8. Enfin, le recourant est en possession de documents suffisants pour rentrer dans son pays ou, à tout le moins, est en mesure d'entreprendre toute démarche nécessaire auprès de la représentation de son pays d'origine en vue de l'obtention de documents de voyage lui permettant de quitter la Suisse. L'exécution du renvoi ne se heurte donc pas à des obstacles insurmontables d'ordre technique et s'avère également possible (cf. ATAF 2008/34 consid. 12).

9. Il s'ensuit que le recours doit être également rejeté en tant qu'il conteste la décision de renvoi et l'exécution de cette mesure.

10. La demande d'assistance judiciaire partielle ayant été admise par décision incidente du 19 décembre 2016, il n'est pas perçu de frais de procédure. (dispositif : page suivante)

Erwägungen (30 Absätze)

E. 1.1 Le Tribunal, en vertu de l'art. 31 LTAF, connaît des recours contre les décisions au sens de l'art. 5 PA prises par les autorités mentionnées à l'art. 33 LTAF. En particulier, les décisions rendues par le SEM concernant l'asile peuvent être contestées, par renvoi de l'art. 105 LAsi (RS 142.31), devant le Tribunal, lequel statue alors définitivement, sauf demande d'extradition déposée par l'Etat dont le requérant cherche à se protéger (art. 83 let. d ch. 1 LTF).

E. 1.2 Le recourant a qualité pour agir (art. 48 al. 1 PA).
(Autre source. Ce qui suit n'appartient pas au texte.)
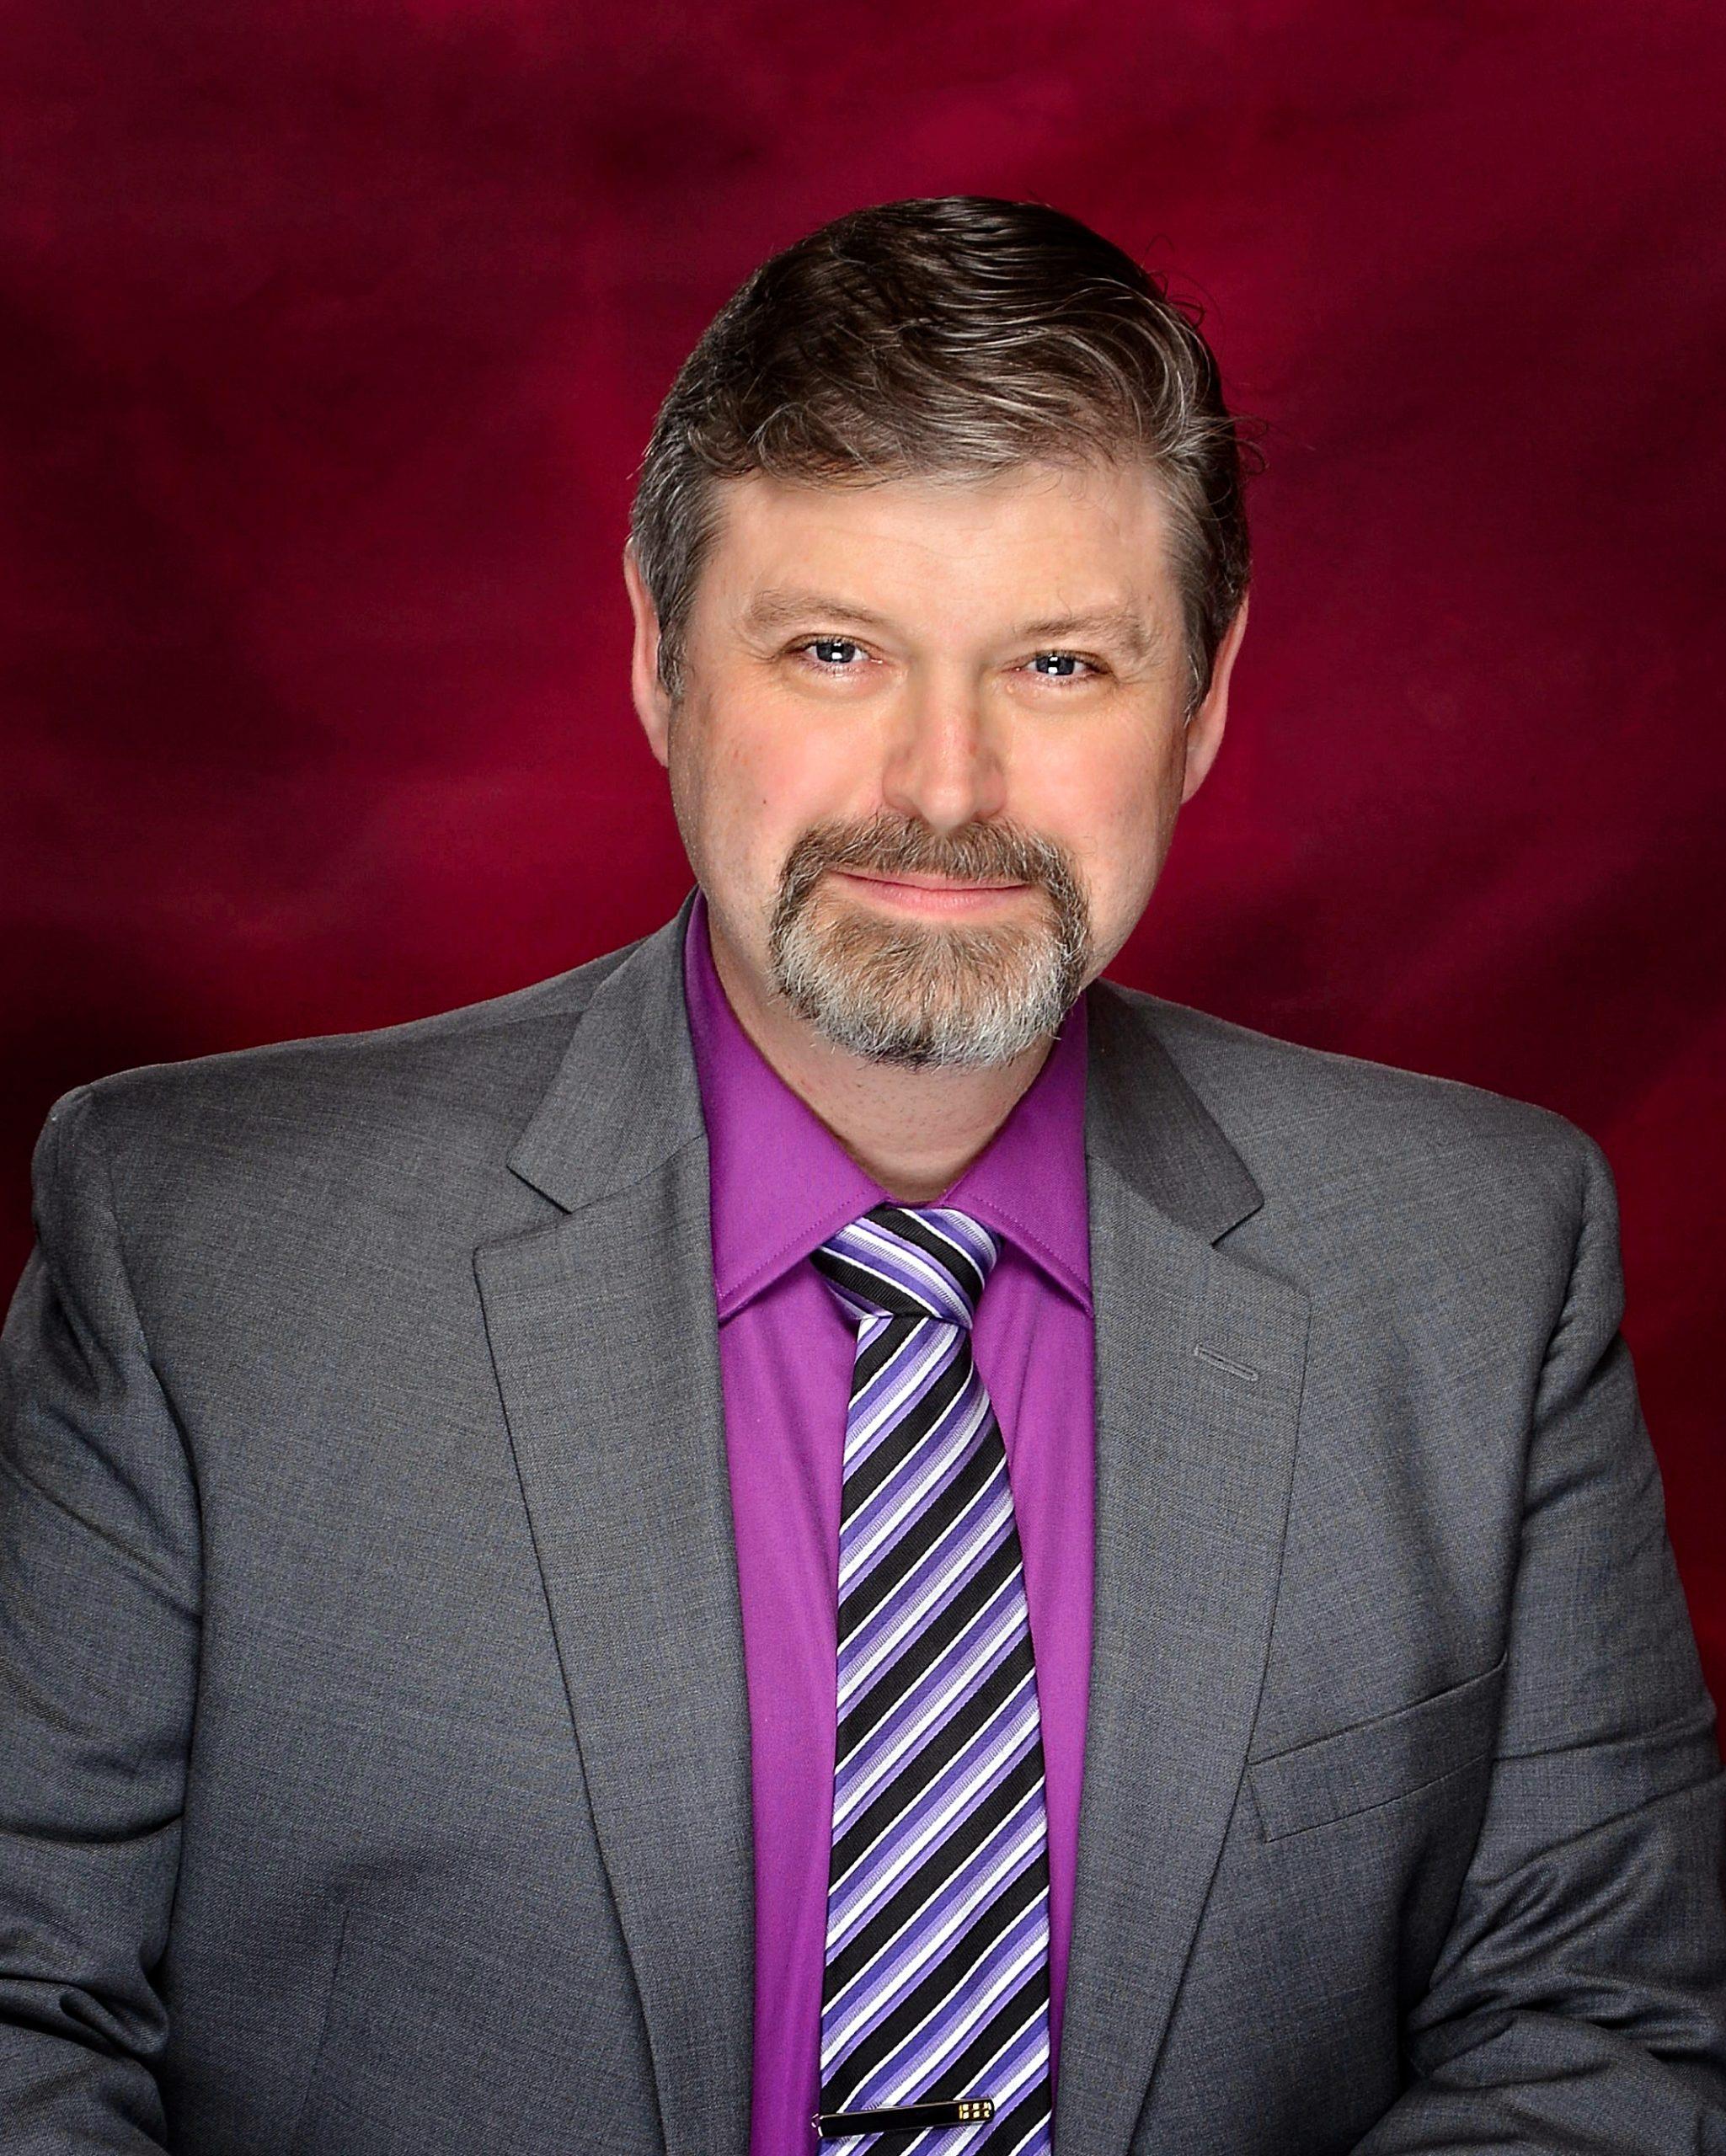 Mr. Reid | Computer Science Teacher

Présenté dans la forme (art. 52 al. 1 PA) et le délai (art. 108 al. 1 LAsi) prescrits par la loi, le recours est recevable.

E. 2.1 Sont des réfugiés les personnes qui, dans leur Etat d'origine ou dans le pays de leur dernière résidence, sont exposées à de sérieux préjudices ou craignent à juste titre de l'être en raison de leur race, de leur religion, de leur nationalité, de leur appartenance à un groupe social déterminé ou de leurs opinions politiques. Sont notamment considérées comme de sérieux préjudices la mise en danger de la vie, de l'intégrité corporelle ou de la liberté, de même que les mesures qui entraînent une pression psychique insupportable. Il y a lieu de tenir compte des motifs de fuite spécifiques aux femmes (art. 3 al. 1 et 2 LAsi; cf. également ATAF 2007/31 consid. 5.2 5.6).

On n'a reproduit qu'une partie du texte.